Brave dad joins daughter on a trip of a lifetime to Mount Kilimanjaro
ALL dads know when the phone rings at 5am the chances are their beloved – and convincingly apologetic – daughters will be at the other end sheepishly asking for a lift home.
Most will curse, turf their heavy legs out of bed and drag their work-weary body into the car. A dressing gown for a cape, they transform into superdad.
So when devoted father and local Labour councillor Ray Oxby got an early morning call from daughter Rachael, 28, it took a moment for his mind to adjust.
Besides being seven years past the "taxi-request phone call years", Rachael was a solicitor in Oman – how could he possibly drive there in time?
His slumberous fog lifted, and through it came Rachael's excited voice: "Dad, Dad! Will you climb Mount Kilimanjaro with me?"
For Ray, there was only ever one answer: "Of course I will darling". And he smiled and turned over. He was the best dad in the world.
Those five words were the beginning of a journey that would take Ray and Rachael miles from home, but closer together than ever.
Ray said: "I knew she had been feeling a little lonely in Oman. I wanted to support her as any dad would."
After a night in Zanzibar, they flew to Tanzania's Dar-Es-Salaam, caught a flight to Katmandu Airport for the last night of "luxury" before heading off to base camp.
The ambitious pair signed up for the Rongoi route, a gruelling six-day challenge to climb 19,600ft to the summit – a climb that claims 20 lives each year.
Filled with optimism and a healthy dose of trepidation – Ray's superhero alter-ego couldn't help noticing the perilous cliff edges, creeks and quarries his daughter tip-toed along – they set off.
Ray continued: "Every day we climbed for six to eight hours and while the physical fitness was a challenge, it was nothing to the altitude sickness. From day one I couldn't keep anything down.
"We had to jump from boulder to boulder, through water cuts and ravines. I watched as my daughter jumped and prayed she wouldn't miss. There was a significant risk of falling and breaking a bone. It was quite stressful and in many ways traumatic to see."
Despite the worry, Ray, the oldest in the group and not a natural at exercise, felt immensely proud of Rachael and himself.
"It was the most sustained exercise of my life with some very pleasurable moments with my daughter," said Ray.
"I was constantly looking for the risks and didn't see the environment around me. It was only afterwards, when I looked at the photographs, that I realised how beautiful it is to see a sunrise over a layer of cloud."
On day three, Ray was starting to feel the effects of altitude sickness. Unable to keep his food down, he grew weaker with dehydration and more disorientated. His lower lip started turning blue and he was in urgent need of hospital treatment.
The next day, the worried porters refused to let him carry on.
In an emotional departure, Ray, had to leave Rachael to finish the trek without him.
He said: "I don't remember much about it. I heard noises and voices but I didn't know where I was. It felt like a dream. I turned to my daughter and said, 'This is your challenge'.

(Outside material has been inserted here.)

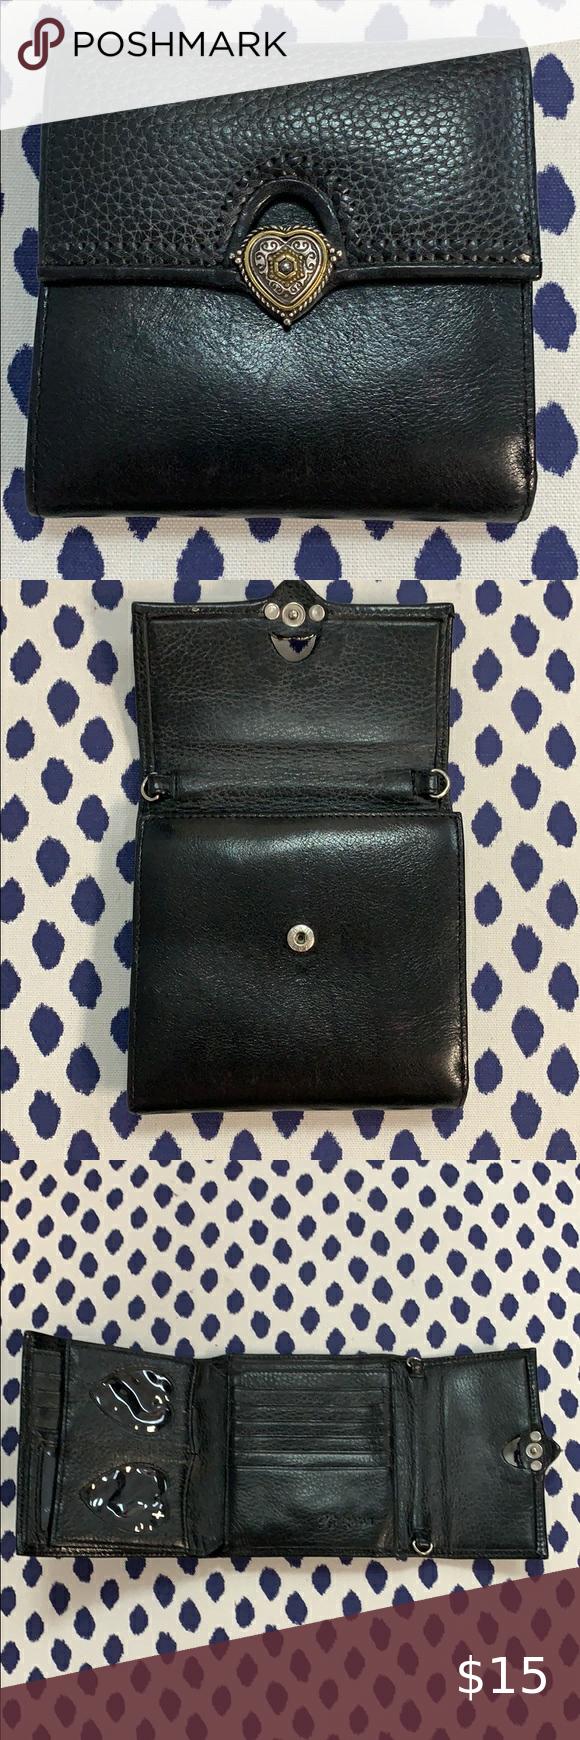 Vintage Brighton Wallet Clearance In 2020 Brighton Wallets Brighton Bags Wallet

"It was an emotional, dramatic split and one we both felt."
The porters helped Ray on the ten-hour trek down, and although a hospital was on standby, he refused to go. "Intensely worried" about his daughter, he waited for her return, finding comfort in a hot shower at the hotel.
Rachael finished 24 hours later, and ran into the arms of her father. His superdad cape floated peacefully in the wind behind them.
The trip raised £2,000 for the NSPCC and not only brought Ray closer to his daughter, it taught him not to take Grimsby for granted.
He added: "I am extremely proud of Rachael and myself for doing it with her.
It was great to come together to share this challenge.
"The experience brought it home to me how fortunate we all are to have creature comforts like a nice cosy bed and warm shower.
"The people there, the porters who helped me, cannot afford an education and have to pay for hospital treatment.
"We take what we have for granted. It was an overwhelming experience and one I will never forget."